▽

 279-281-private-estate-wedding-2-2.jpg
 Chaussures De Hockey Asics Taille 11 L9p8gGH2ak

△
▽

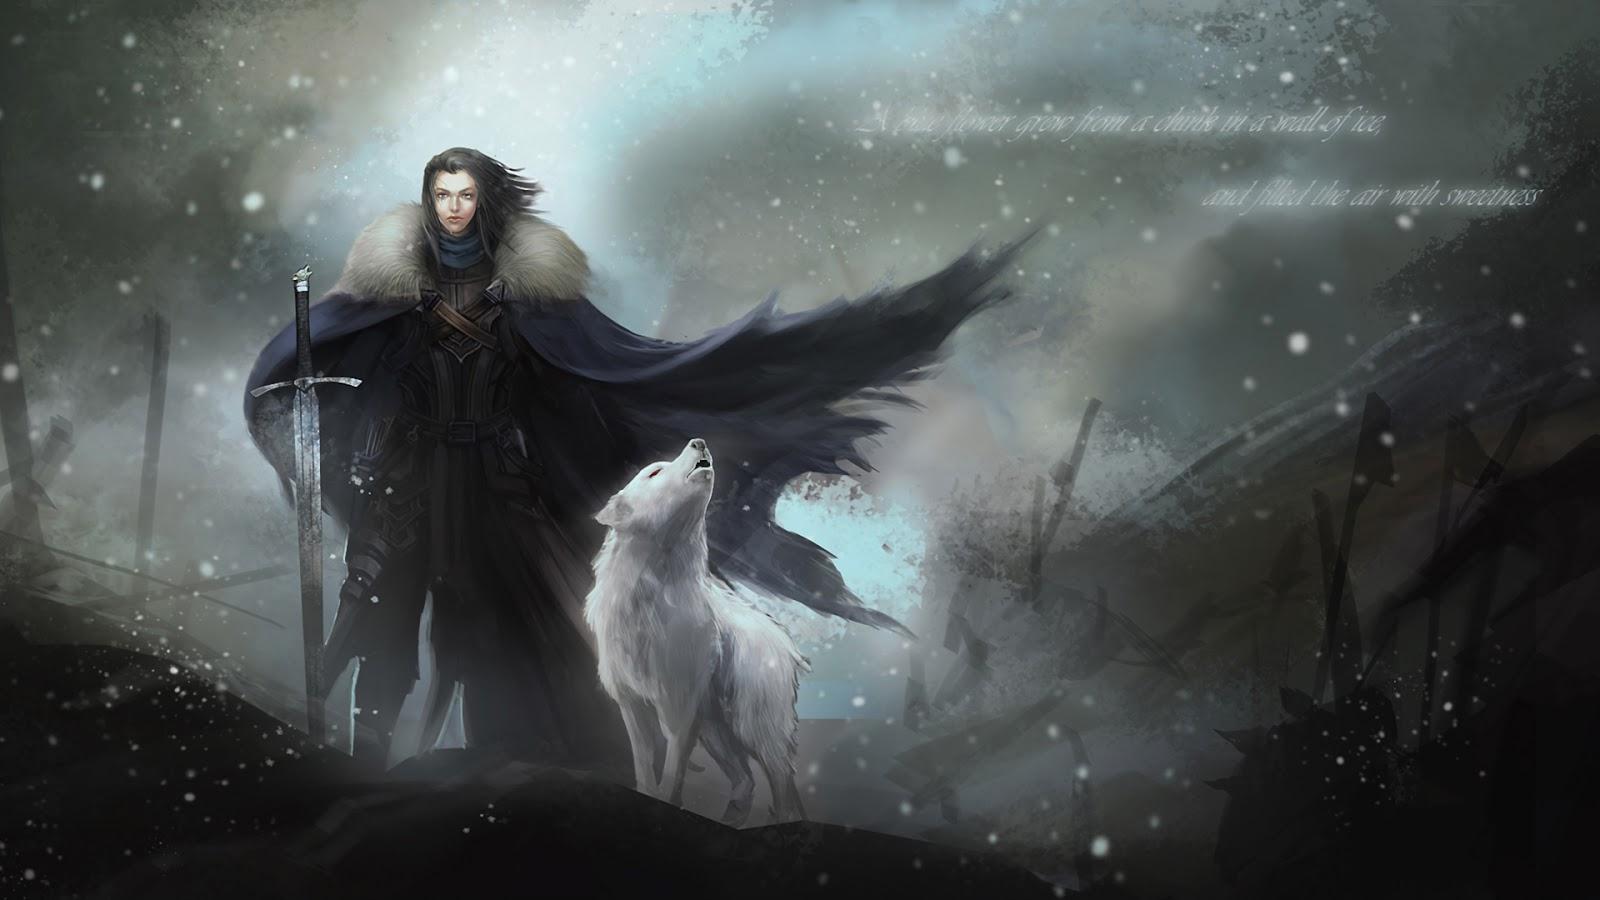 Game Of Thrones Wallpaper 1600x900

△

Would you retype exactly the lines above, from the line with "279-281-private-estate-wedding-2-2.jpg" to the line with "Chaussures De Hockey", with both end lines kept and nothing more?

 279-281-private-estate-wedding-2-2.jpg
 Chaussures De Hockey Asics Taille 11 L9p8gGH2ak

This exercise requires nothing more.